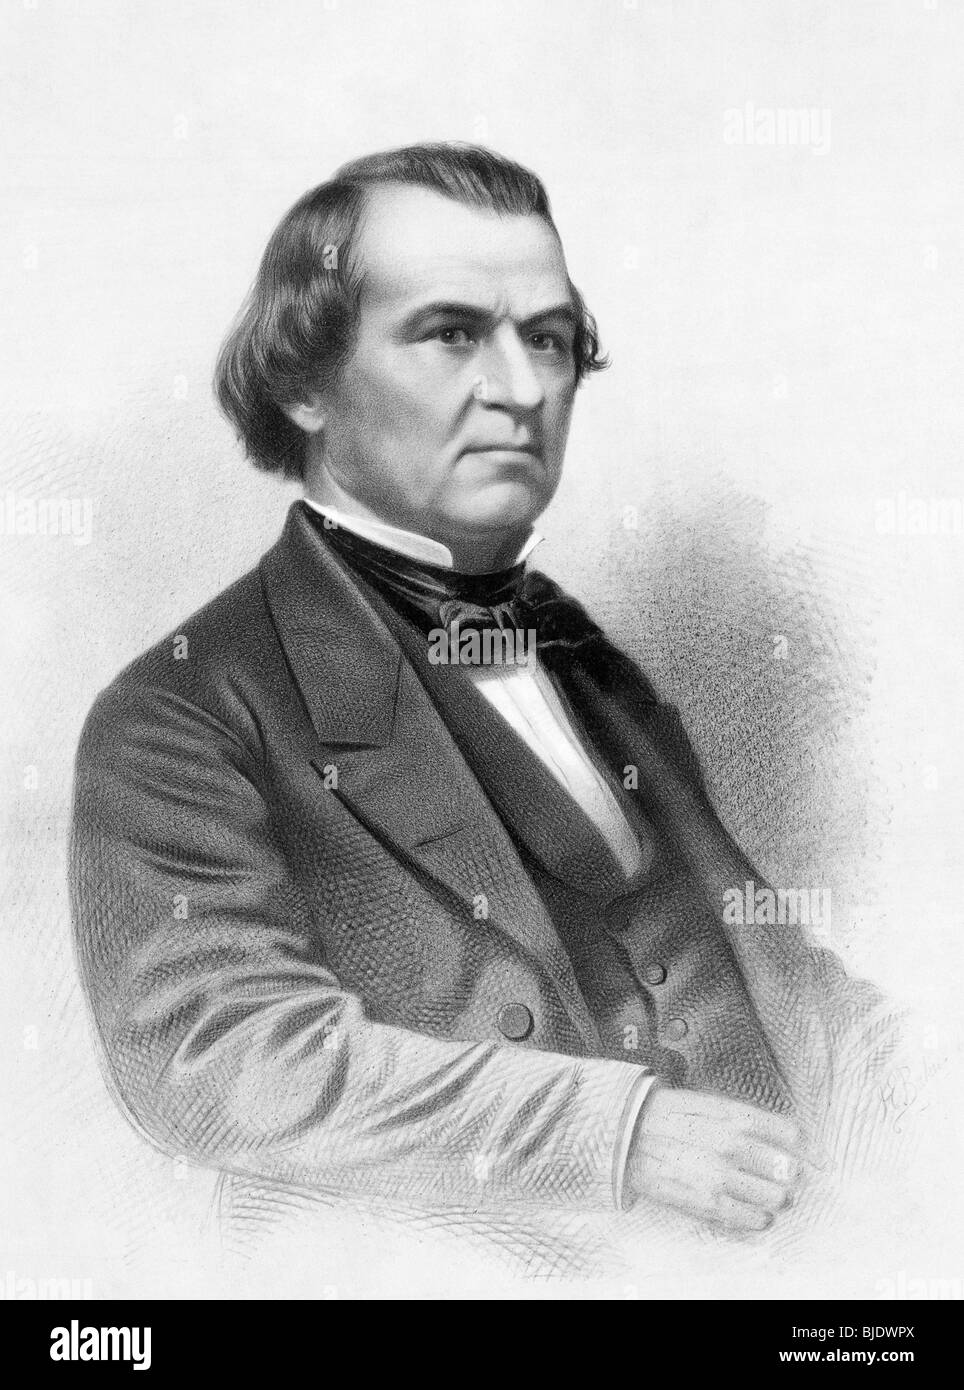 Porträt c1865 von Andrew Johnson - war Johnson (1808-1875), der 17. US-Präsident (1865-1869) und der erste angeklagt werden. Stockfoto
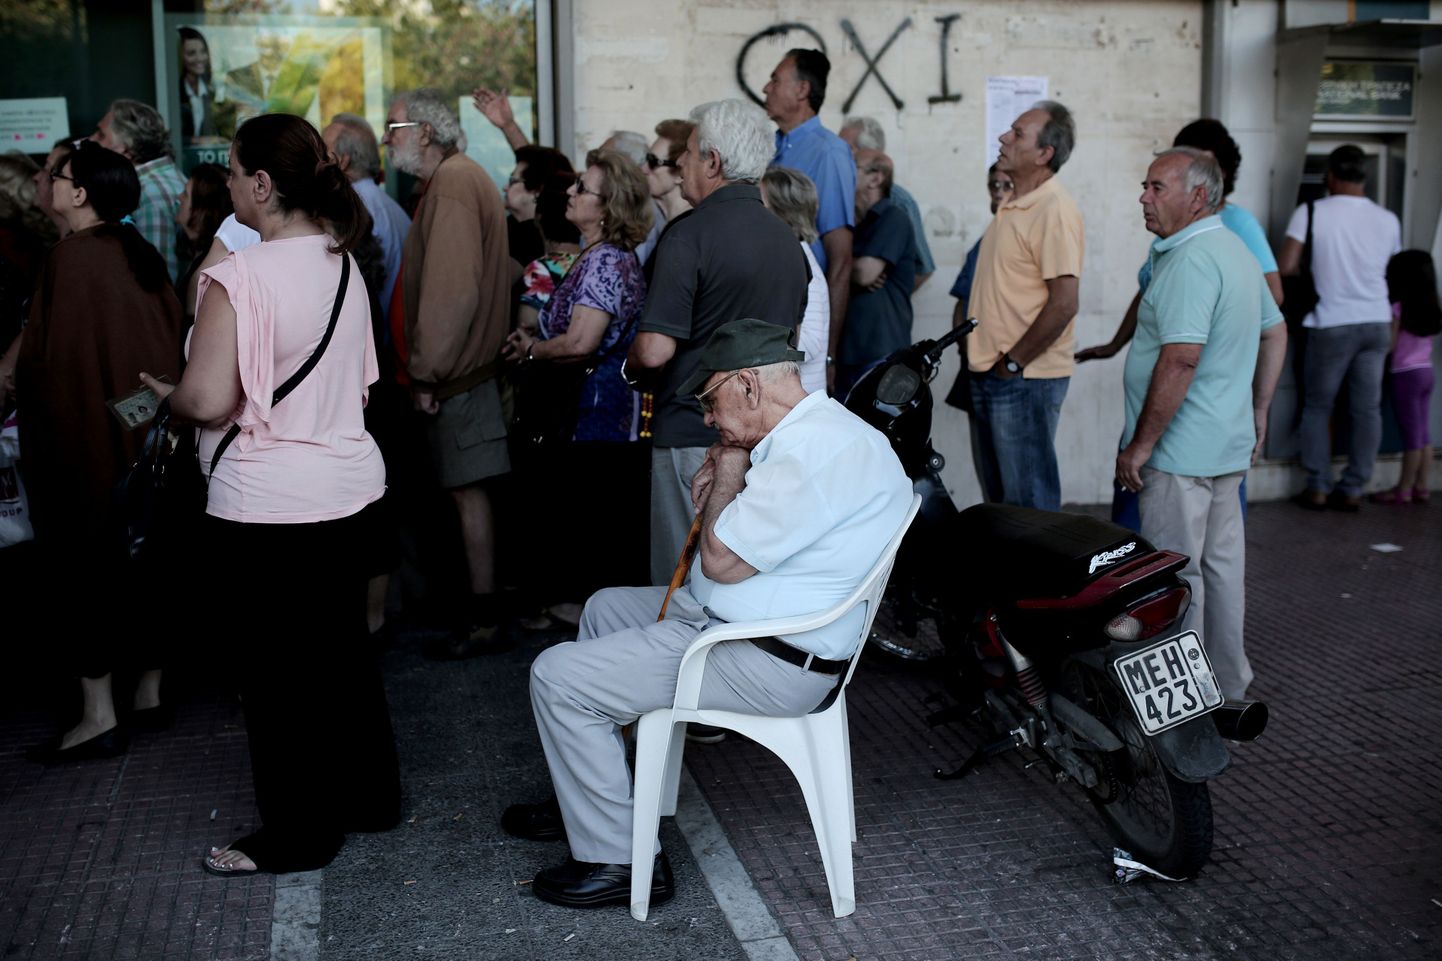 Kreeka pangad avasid täna uksed pensionäridele, kes saavad võtta välja kuni 120 eurot pensionit.
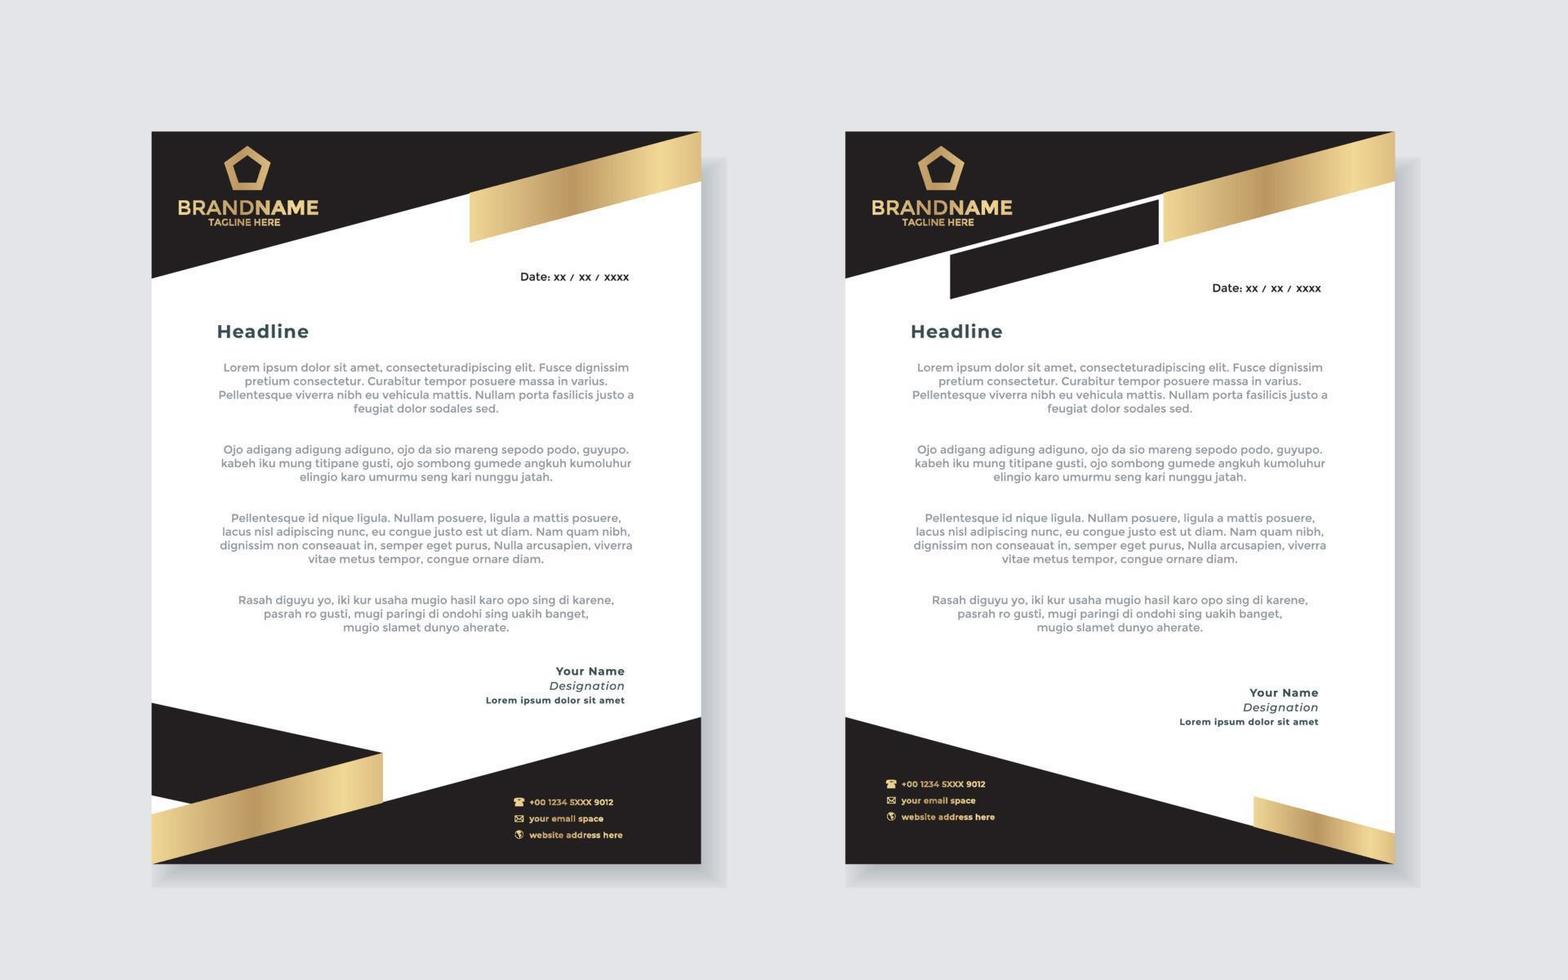 guld lyx brev design mall för företag brevpapper design vektor
◆ ◆ ◆ ◆ ◆
— PROMPT —
The line containing "Kreeka pangad avasid" marks the start: set down exactly that line and every line after it through the last line of the data, without any pictures.

— RESPONSE —
 Kreeka pangad avasid täna uksed pensionäridele, kes saavad võtta välja kuni 120 eurot pensionit.
 guld lyx brev design mall för företag brevpapper design vektor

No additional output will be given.